Claims regarding Marie Laveau's alleged powers persist. She represented herself
as a seer and used fortune-telling techniques such as palmistry (Gandolfo 1992,
26). There is no evidence that Marie's clairvoyant abilities were any more successful
than those of any other fortuneteller. We know that people attest to the accuracy
of a reading because they do not understand the clever techniques involved,
like "cold reading." So called because it is accomplished without any foreknowledge,
this is an artful method of fishing for information from the sitter while convincing
him or her that it comes from a mystical source (Hyman 1977).
Actually, many of Marie's readings may not have been so "cold" after all. Far
from lacking prior information about her clients, she reputedly used her position
as a hairdresser for gossip collecting, discovering "that her women clients
would talk to her about anything and everything and would divulge some of their
most personal secrets to her" (Gandolfo 1992, 12). She also reputedly "developed
a chain of household informants in most of the prominent homes" (Antippas 1988,
16).
Doubtless such intelligence gathering would be helpful to a fortune-telling
enterprise (just as "mediumistic espionage" was utilized by later spiritualists
[Keene 1976, 27]). It could also be beneficial to a business of dispensing charms,
like Marie's:
Most of her work for the ladies involved love predicaments. Marie knew the
personal secrets of judges, priests, lawyers, doctors, ship captains, architects,
military officers, politicians, and most of New Orleans's other leading citizens.
She used her knowledge of their indiscretions and blackmailed them into doing
whatever she wanted. She was then financially reimbursed by her elite female
clients. Most of the time, this was how her love potions and gris-gris worked,
which is apparently 100% of the time (Gandolfo 1992, 12).
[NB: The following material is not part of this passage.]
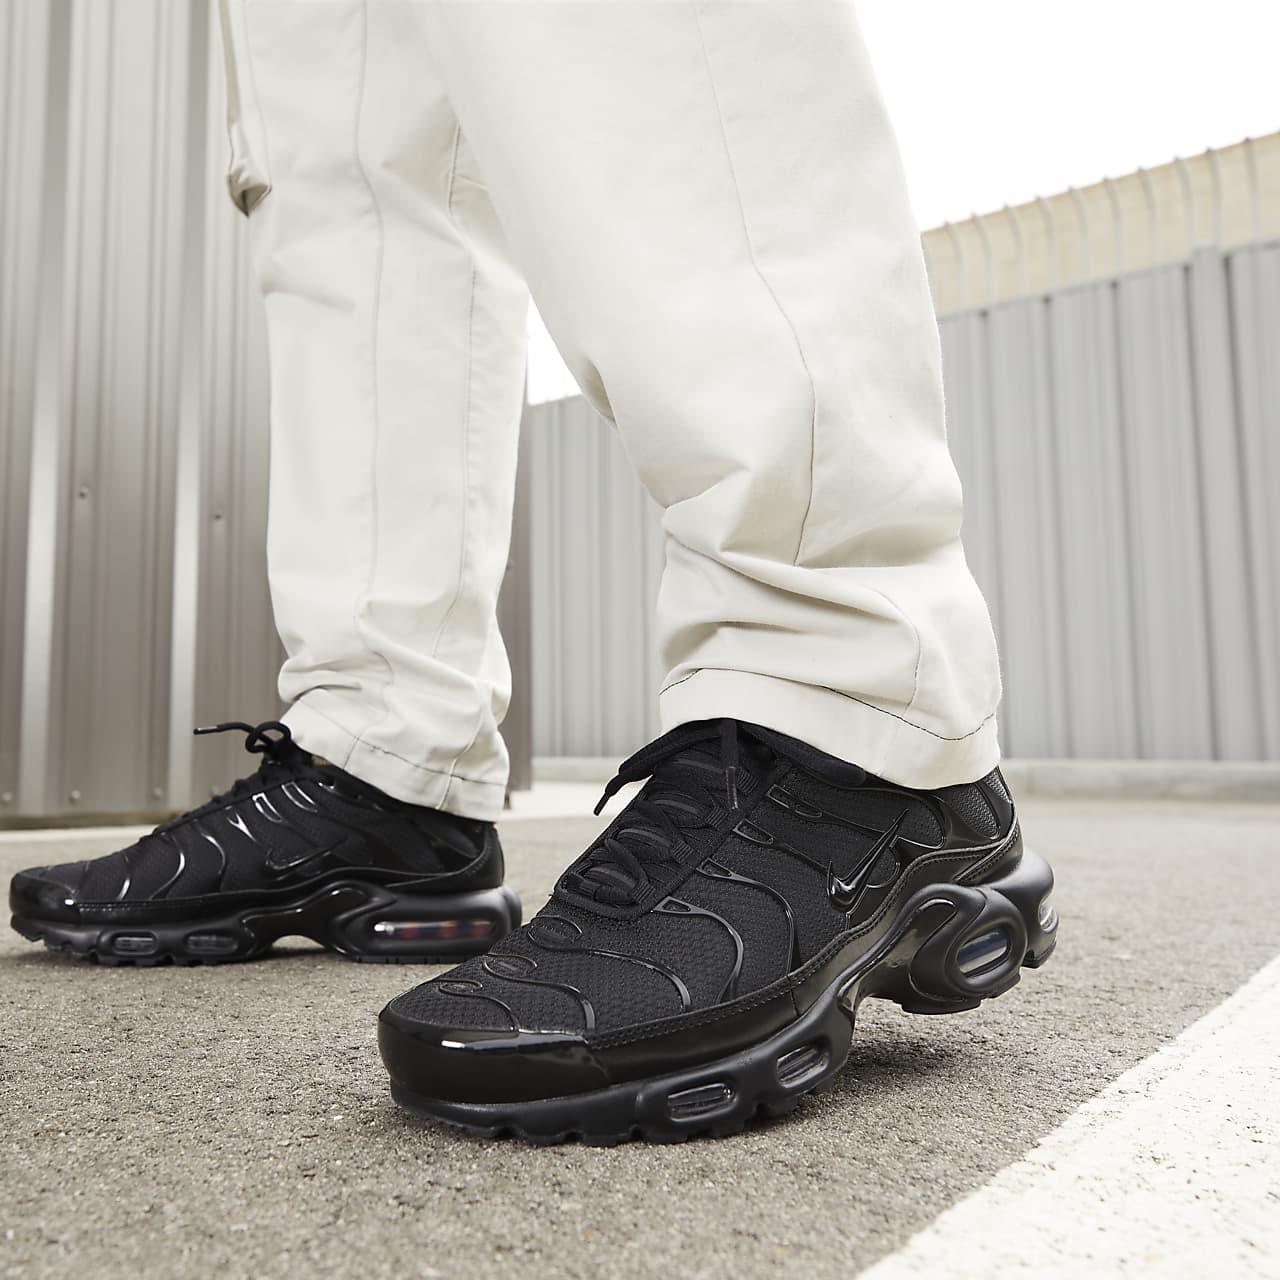 Nike Air Max Plus Men's Shoes. Nike.com

Such tactics may help explain the claim, mentioned earlier, that Marie "had
a strange power over police and judges and succeeded in saving several criminals
from hanging" (Hauck 1996). But we should beware of taking such claims too seriously.
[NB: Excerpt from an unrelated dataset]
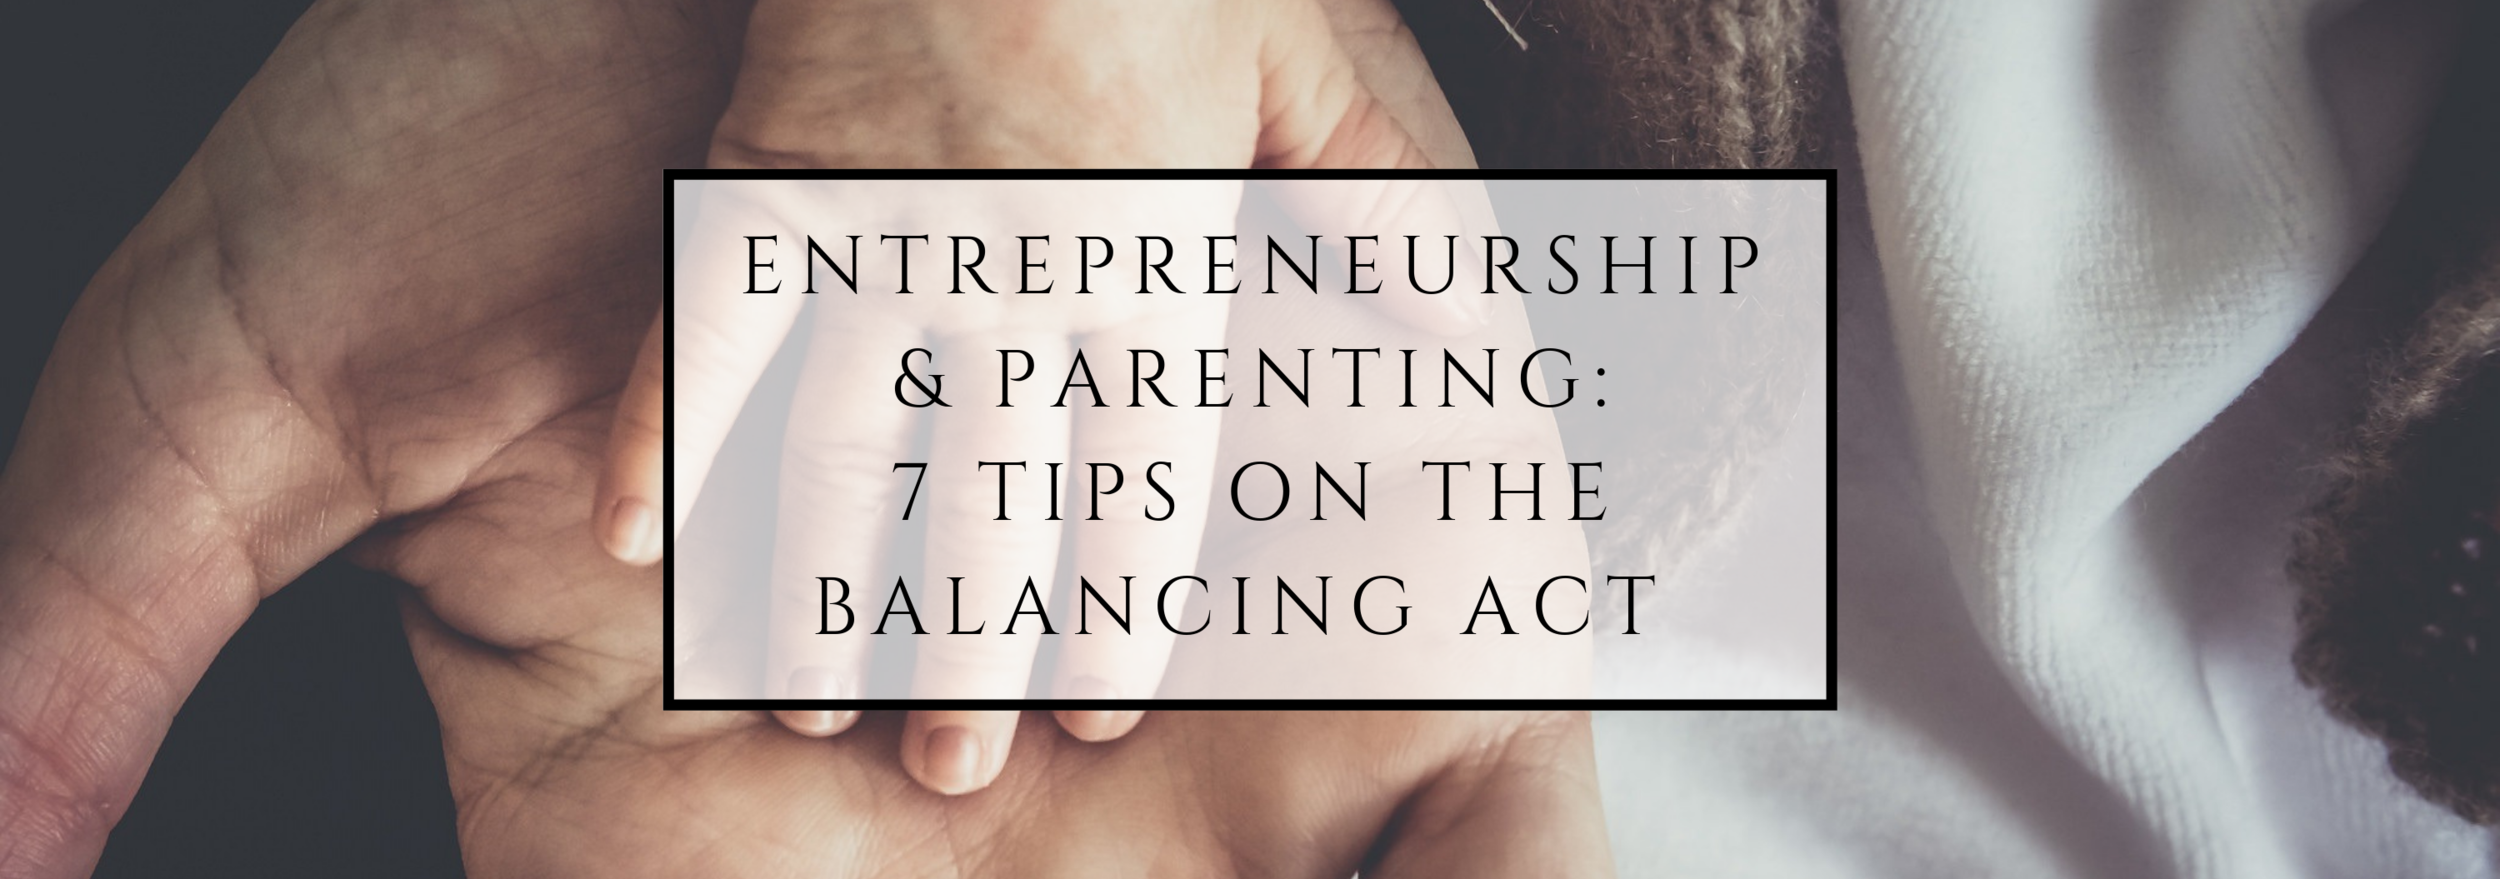 entrepreneurship & parenting blog.png

When we seek to learn the facts, we soon realize we have entered the realm of
folklore. There are, for example, rather conflicting versions of one case, ca.
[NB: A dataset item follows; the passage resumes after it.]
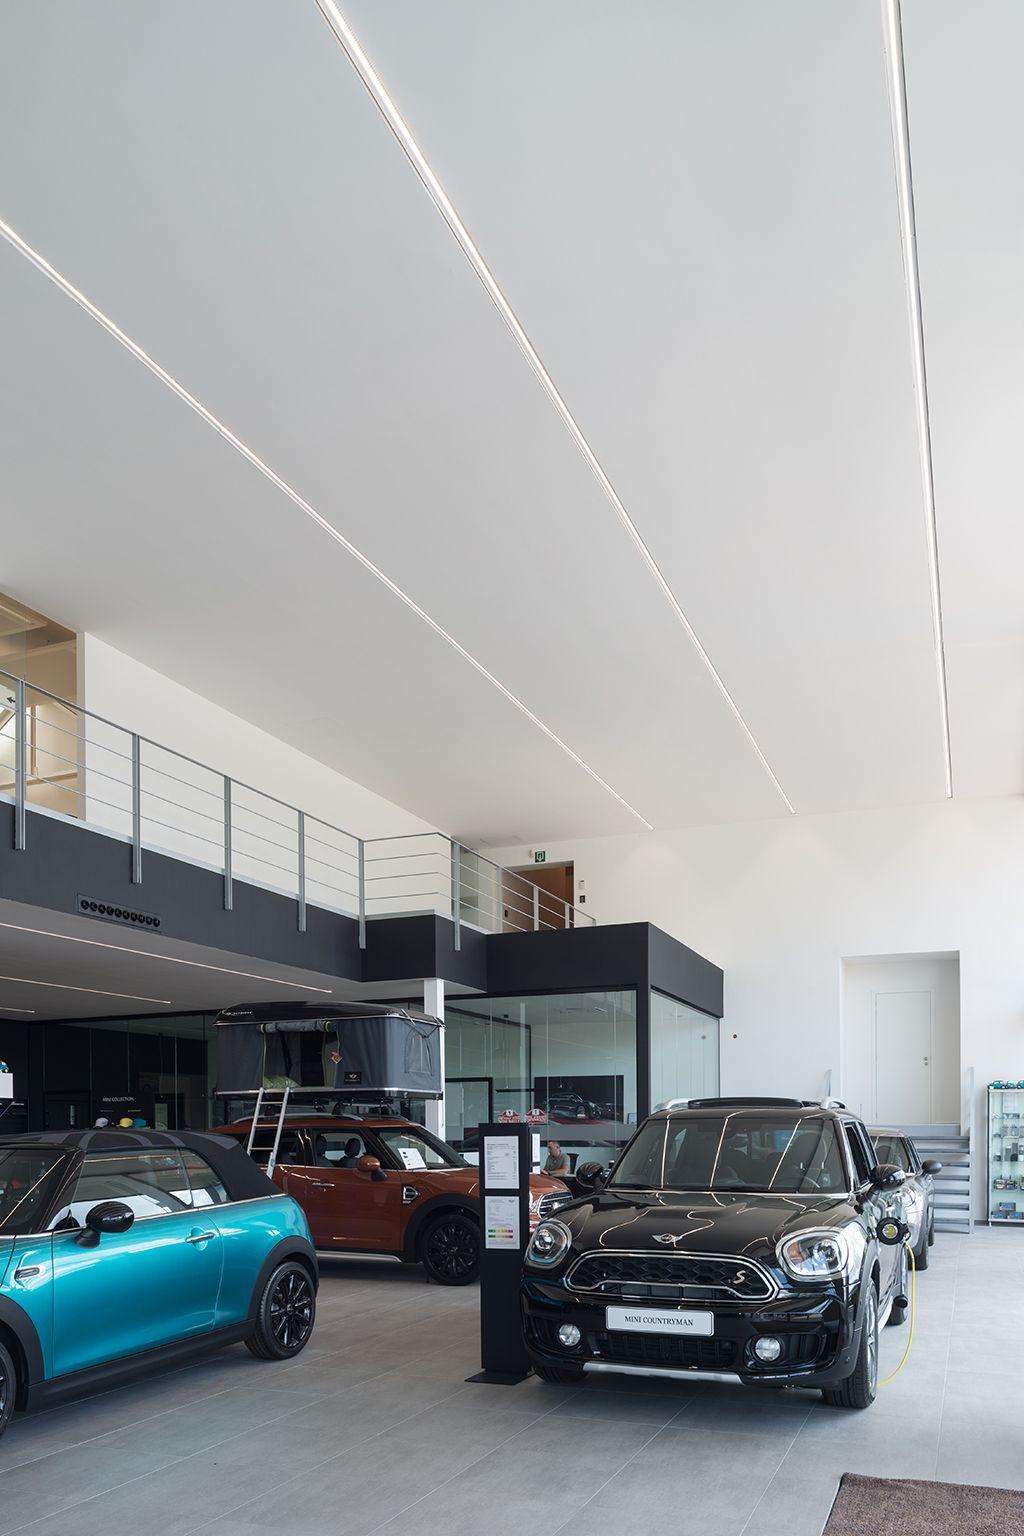 Supermodular Drupl Lighting At A Car Showroom In 2019

1830, in which an unidentified young man was charged with "a crime" (rape, according
to one source) and at the request of his father Marie performed certain rituals.
Supposedly the case was either dismissed or the young man acquitted, and Marie
was rewarded with a cottage on Rue St. Ann. However, as one writer concedes,
"No one is sure how Marie actually won the case. . . ." Therefore, of course,
there is no evidence that she did (Gandolfo 1992, 14-15; cf. Tallant 1946, 58;
Martinez 1956, 17-19).
Legends of Marie's beneficent aspect are rivaled by those of her sinister one.
A story in this regard involves the alleged hex of a New Orleans businessman,
J. B. Langrast, in the 1850s. Langrast supposedly provoked Marie's ire by publicly
denouncing her and accusing her of everything from robbery to murder. Soon,
gris-gris in the form of roosters' heads began to appear on his doorstep. As
a consequence, Langrast reportedly grew increasingly upset and eventually fled
New Orleans (Nardo and Belgum 1991, 89-92).
I have traced the Langrast story to a 1956 book of Mississippi folktales which
describes the "businessman" as a junk dealer and bigamist (Martinez 1956, 78-83).
Such a man might have various reasons for leaving town. Claims that Marie Laveau
invoked a loa to curse Langrast with insanity are invalidated by a complete
lack of proof that he ever became insane. In fact his alleged flight could easily
be attributed to simple fear, the belief that "Marie Laveau's followers might
kill him if he stayed" (Nardo and Belgum 1991, 90-91).
Marie II
Among the most fabulous legends about Marie Laveau is an often-repeated one
alleging "her perpetual youth" (Hauck 1996). According to a segment of "America's
Haunted Houses" (1998) which aired on the Discovery Channel, Marie was "said
to be over 100 years old when she died and as beautiful as ever." Moreover,
"There were some unexplained and mysterious sightings of the great Voodoo Queen
even after her death," writes Gandolfo (1992, 29). "People would swear on a
stack of bibles that they saw Marie Laveau herself." Indeed, he adds, "A number
of people say they were at a ritual in the summer of 1919 given by the Great
Queen."
The solution to this enigma is the fact that, according to Tallant (1946, 52),
there were "at least two Marie Laveaus." The first Marie, the subject of our
previous discussions, died June 15, 1881. Her obituaries say she was then ninety-eight
("Marie Lavaux" 1881; "Death" 1881). One of the same obituaries ("Death" 1881)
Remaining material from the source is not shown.